Steven had to laugh as he looked at me laying on top of a pile of blankets that had been tossed on the chair I was trying to sit in. “Nope, I’m pretty sure their isn’t anyone who’d say moving was fun.”
“I know that now,” I said as I shook my head in disgust. “I must have sounded like an idiot when I’d say sounds like fun. No wonder the only response I’d get was a pained smile and a sad, ‘Yeah, fun’ from them. I just thought they weren’t up to the challenge of moving. Now I know moving is just one nightmare challenge after another!”
“Oh, come on, it hasn’t been that bad,” Steven said as he tried to sit next to me but instead had to balance on the arm of the chair because I was too weak to move any of the blankets I was sitting on to make room for him.
I leaned my head against his arm. “Promise me we’ll never move again.”
“I promise, he said.
“How can you promise that?” Alex asked. “What if I move across the country? You’ll want to move to closer to me to see your grandkids grow up, won’t you?”

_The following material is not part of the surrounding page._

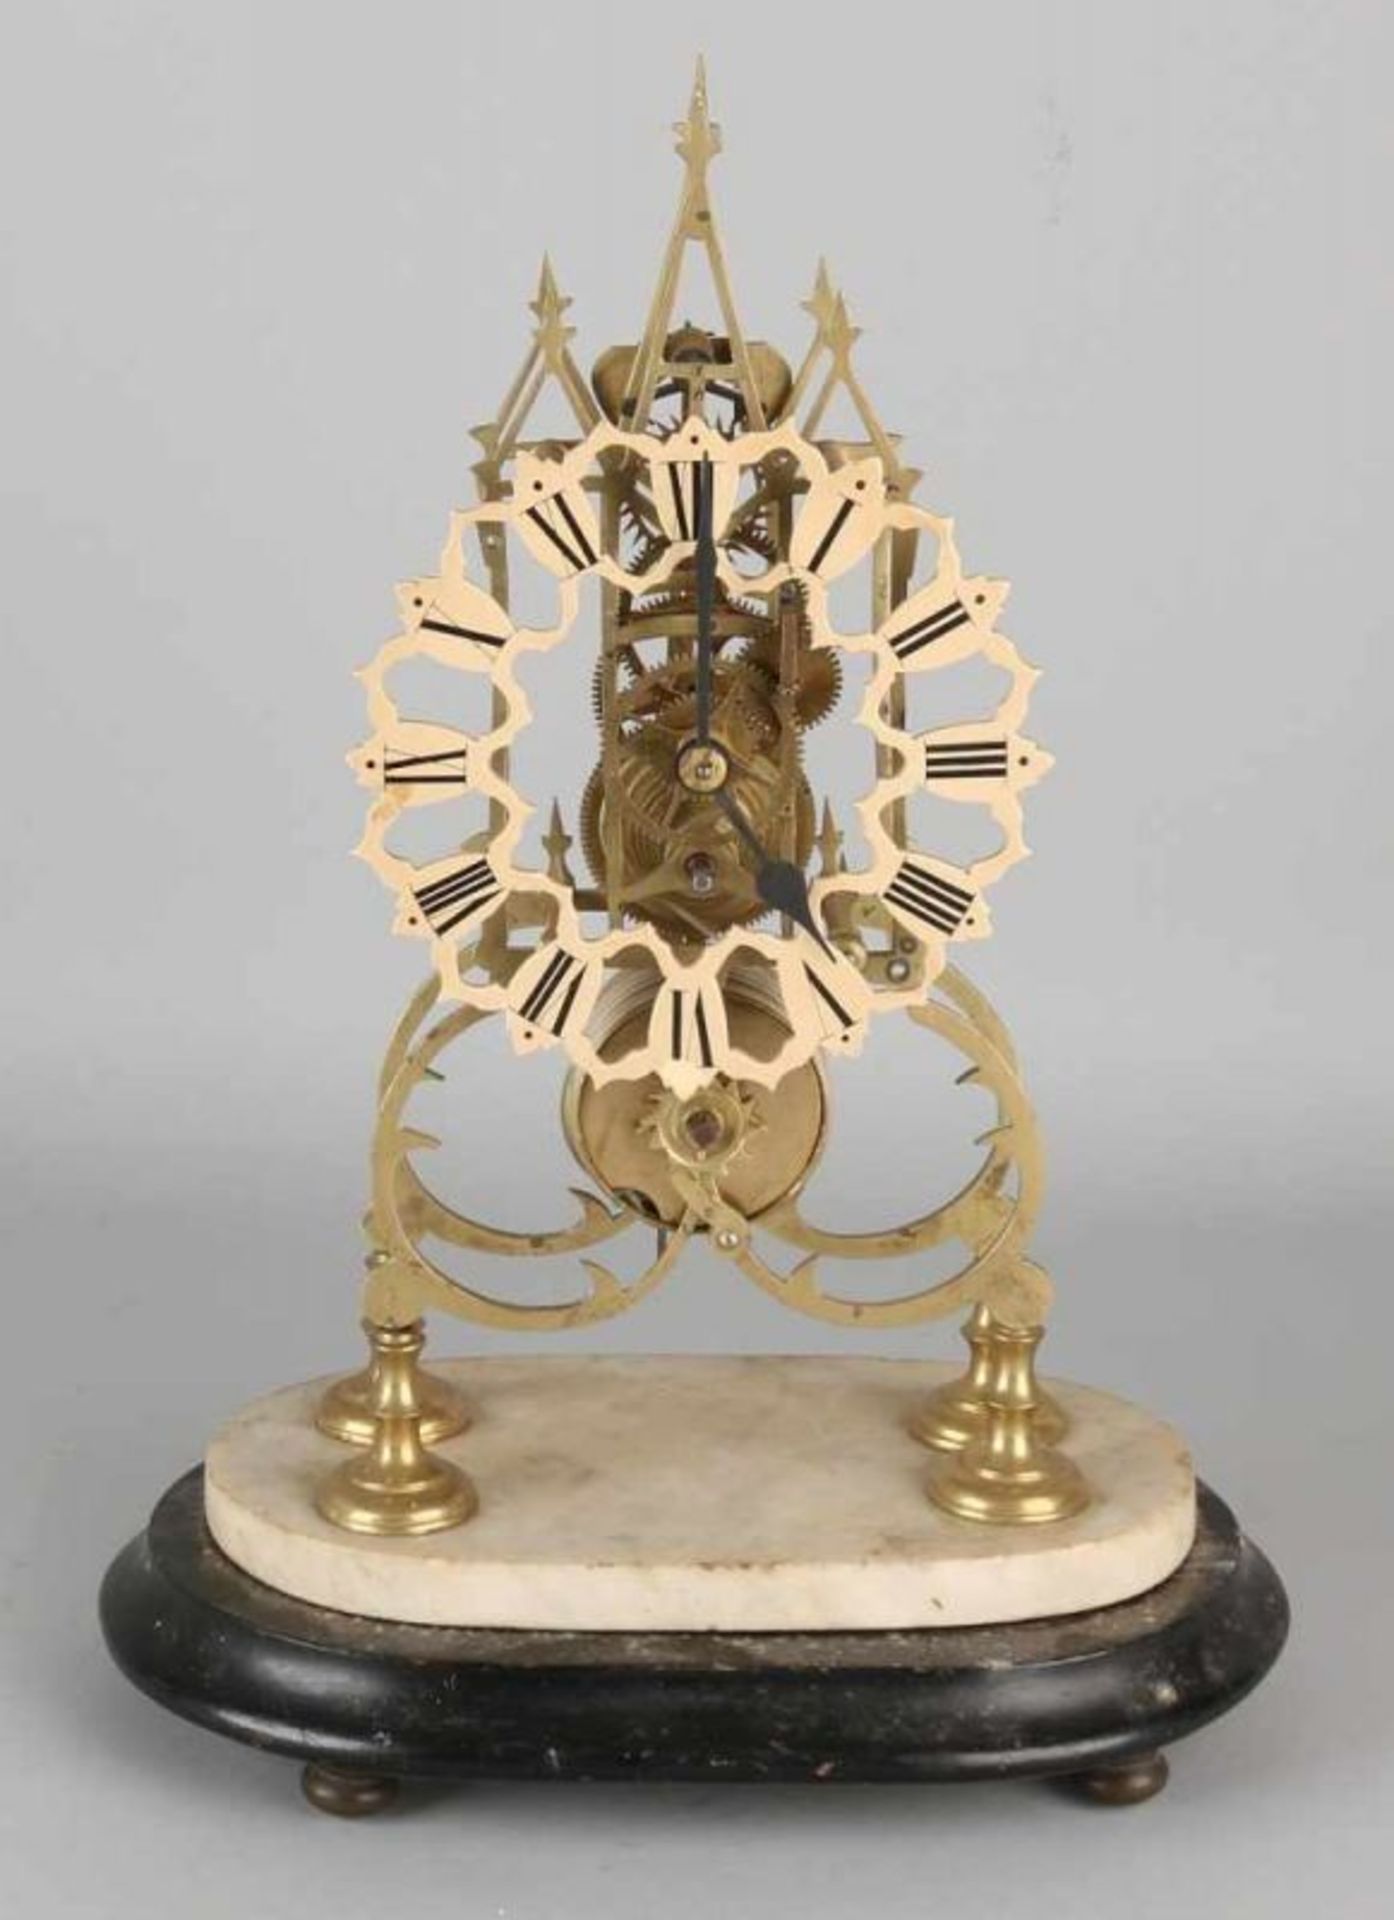 Antique English brass skeleton clock with fusee. On wood with alabaster basement. Circa 1880.

I quickly sat up straight, every muscle in my back screaming. “You’re thinking of moving across the country?”
I guess Alex saw the fear in my face. “I was just messing with you,” he said as he patted me on the top of the head. “I’m never moving out.”
“What?”
Now he was smiling. “Still messing with you,” he said as he grabbed a box with his name on it and went down the hall to his room.
I looked over at Steven who was smiling. “That wasn’t very funny,” I said.
“It was a little.” Steven got up and pushed the bag of towels away from my feet. He reached out his hand to pull me up. “Let’s get back to work.”
I sighed as he pulled me upright.
Alex stuck his head out of his bedroom door. “What’s for dinner?” he asked.
“In this new house we’re all going to take turns cooking and tonight’s your turn,” I said. “So I’ll ask you, ‘What’s for dinner?’”
Alex looked surprised. “Really?”
“I’m just messing with you,” I smiled. “ Or am I?”
Alex just stared at me.
“But tonight you’re off the hook because we’re having takeout,” I said. “Can you go pick it up when it’s ready?”
“Um…sure.” Alex went back into his room.
I looked over at Steven. “That was fun. Do you think he thought I was serious?”
Steven shrugged his shoulders. “Were you?”
“I’m not sure,” I had to admit. “I started out just messing with him but I’m beginning to think: new house, new rules might be my new mantra.”